My reaction to my daughter's first public meltdown

Last updated: 04/02/2015 14:37 by KeepingItReal to KeepingItReal's Blog
Filed under: MummyBloggers
I still remember Ella’s first public meltdown; I have never felt so ill-equipped to deal with something in my entire life.

Oh, I had heard about the terrible twos, I had been primed about toddler tantrums and I’d been given the 411 on irrational outbursts, but nothing, and I mean nothing, prepared me for the horror I felt at the time.

Standing in the cereal aisle of my local supermarket and watching my two-year-old daughter drop to her knees and begin to howl, shriek and spit left me horrified.

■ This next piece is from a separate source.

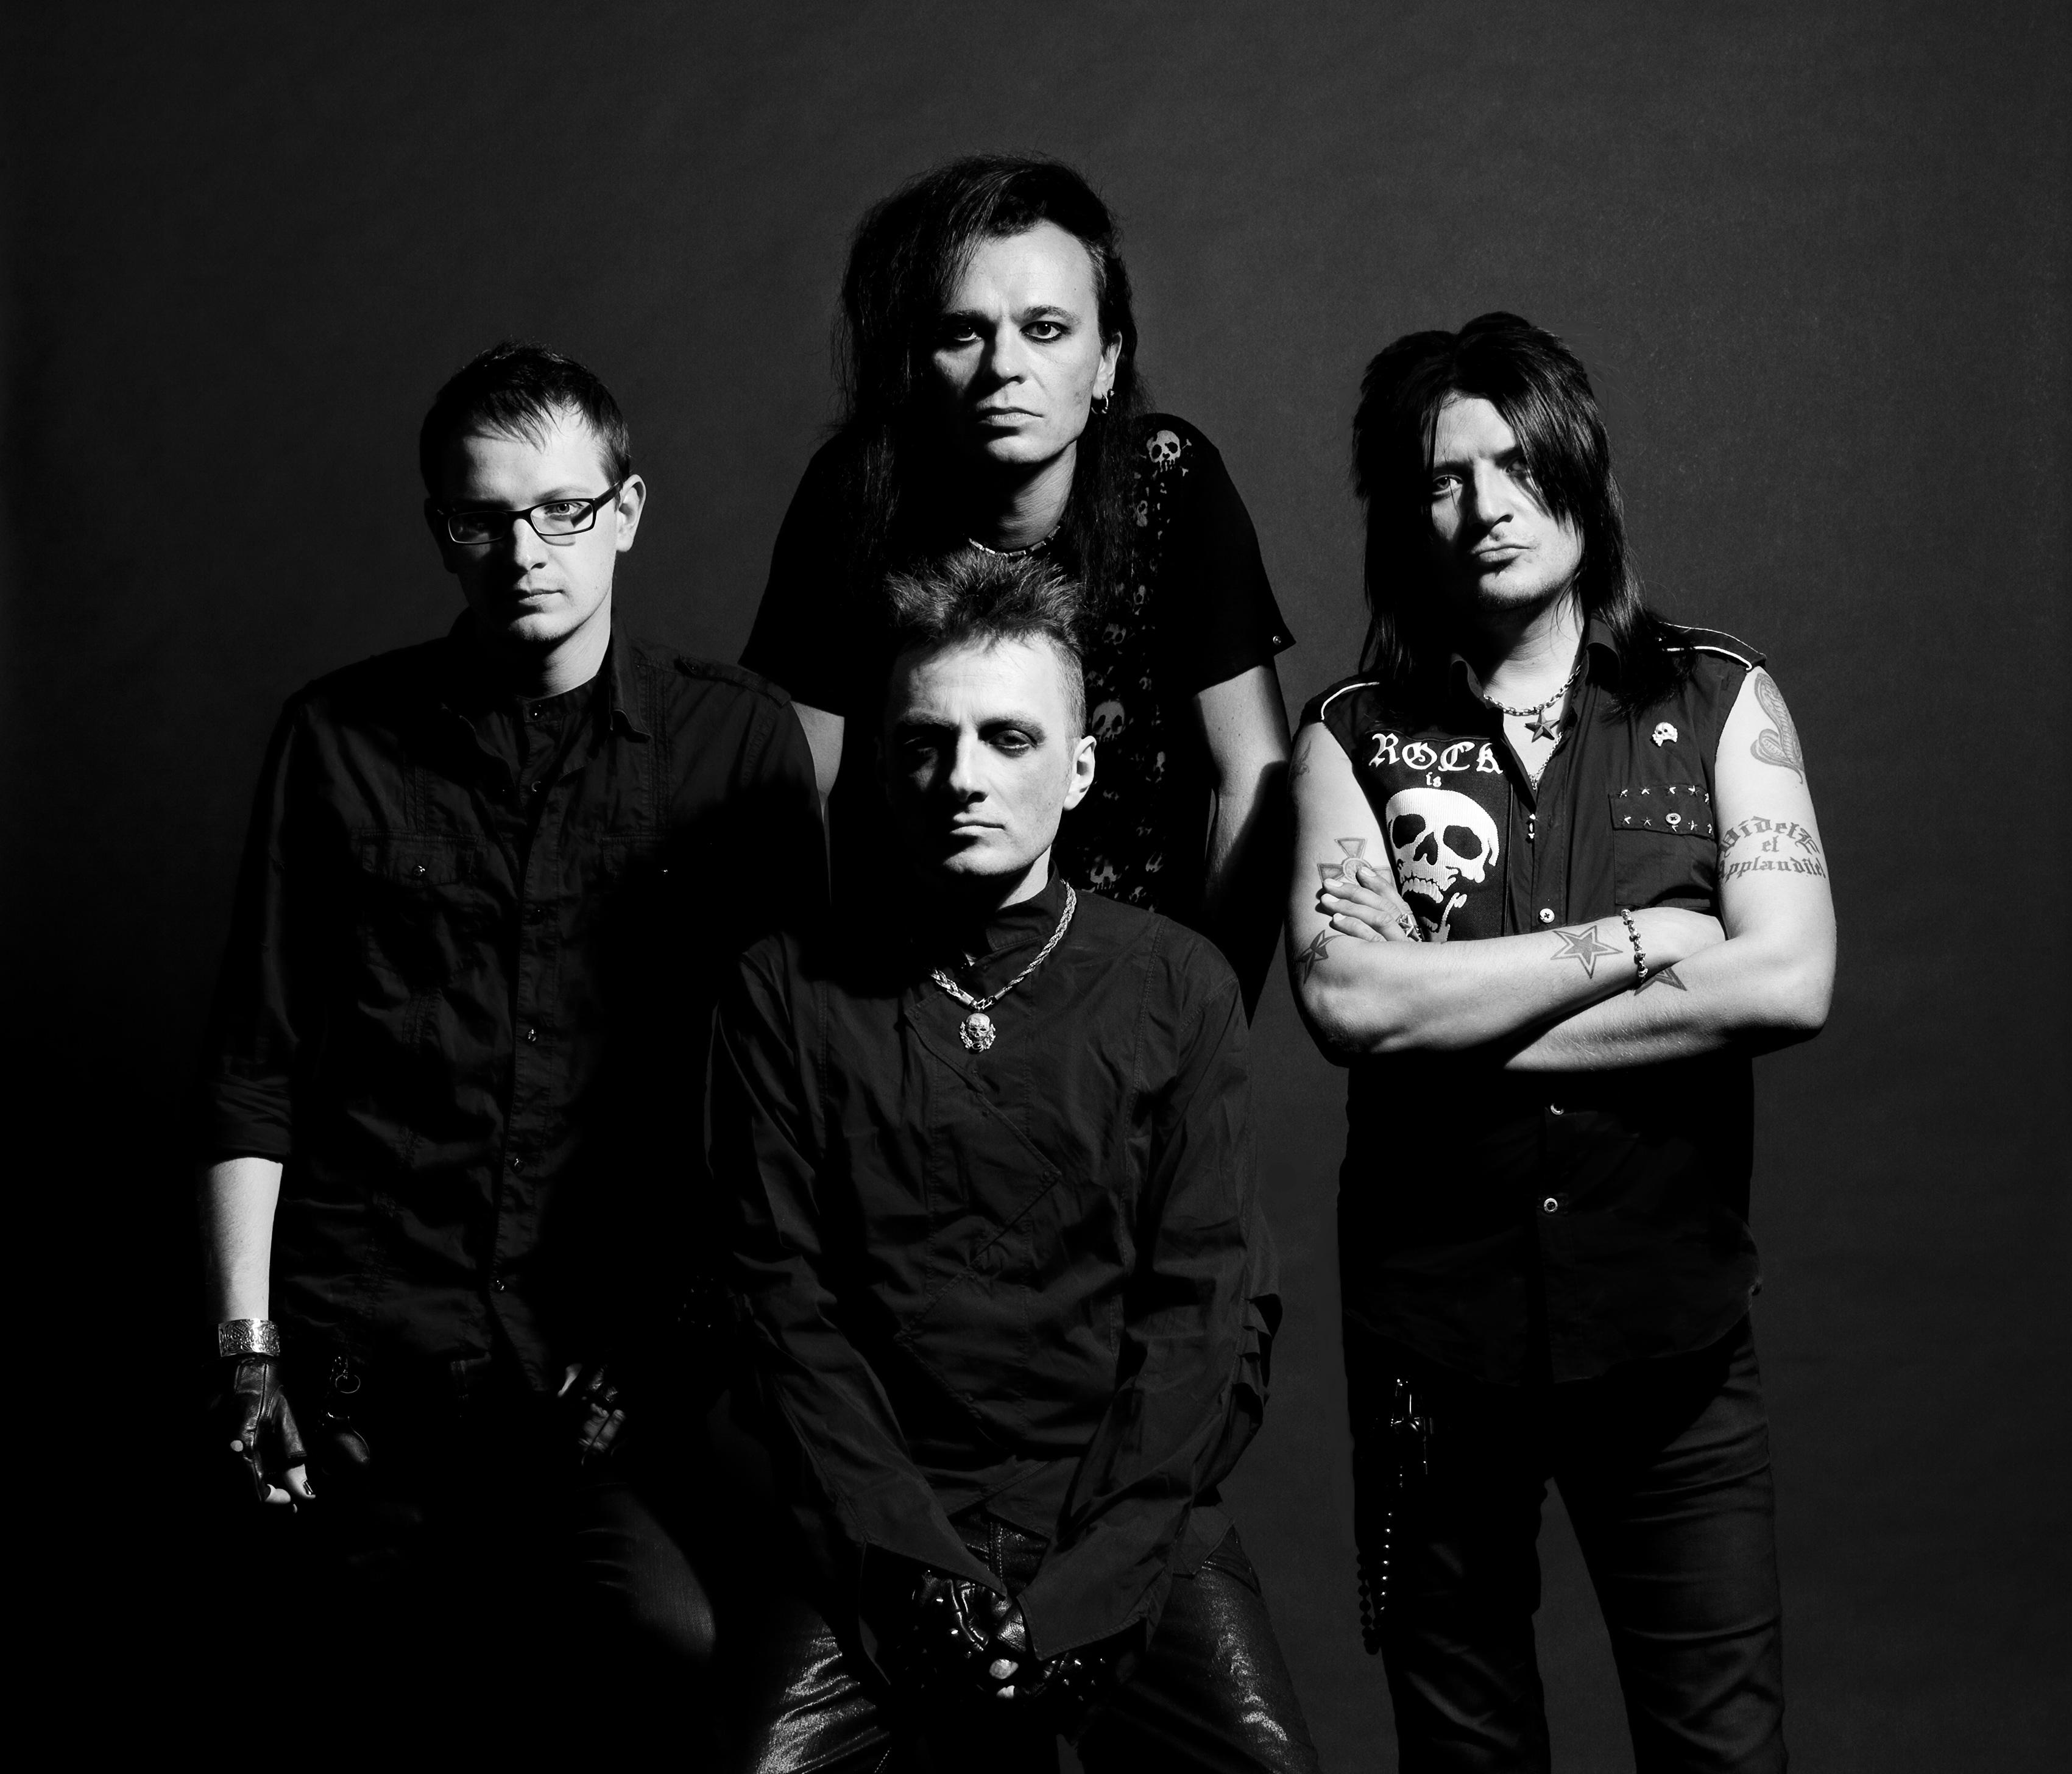 Агата кристи рок группа биография фото

Every single piece of advice I had been given disappeared and I found myself turning my back on my wailing child, making my way to the end of the aisle and leaning against my trolley for support.

She was out of control and I had no idea how to deal with it.

Heart pounding, I watched concerned adults glance at my daughter and no doubt wonder where her parent was. When I saw one woman crouch beside her I knew I had to do something, but I felt like I was made of lead.

Making my way back up the aisle to the child I had left behind, I was treated only with kindness by the middle-aged woman attempting to placate my daughter.

That moment has been etched in my mind ever since, so I felt nothing but sympathy for the parents of Bradley Lawton who were told they couldn’t control their autistic son on a recent trip to an Iceland store.

Bradley’s father Matthew was understandably outraged at the accusation and given his son’s needs, feels passionately that people should exercise a little more understanding when it comes to children’s behaviour in public.

Bradley’s parents would have tended to their son in a way that matched his needs and to be told they were incapable of controlling him did nothing but intensify the situation.

Had I been subjected to the same accusation during Ella’s meltdown, I would have struggled to maintain my composure. Lord knows, I was struggling as it was.

No parent goes out with the intention of allowing their children to scream, kick, wail or thrash, but sometimes kids have other ideas. That’s life.

We mightn’t know why the child is behaving as they are; there may be extenuating circumstances or it may be a run-of-the-mill meltdown, but really, it doesn’t matter.

Some days their parent may be better equipped to deal with the behaviour and some days they might struggle, but you can be sure that their parent dislikes it just as much as you do.

Be empathetic, not judgemental. One thing’s for certain: they’re dealing with it as best as they can.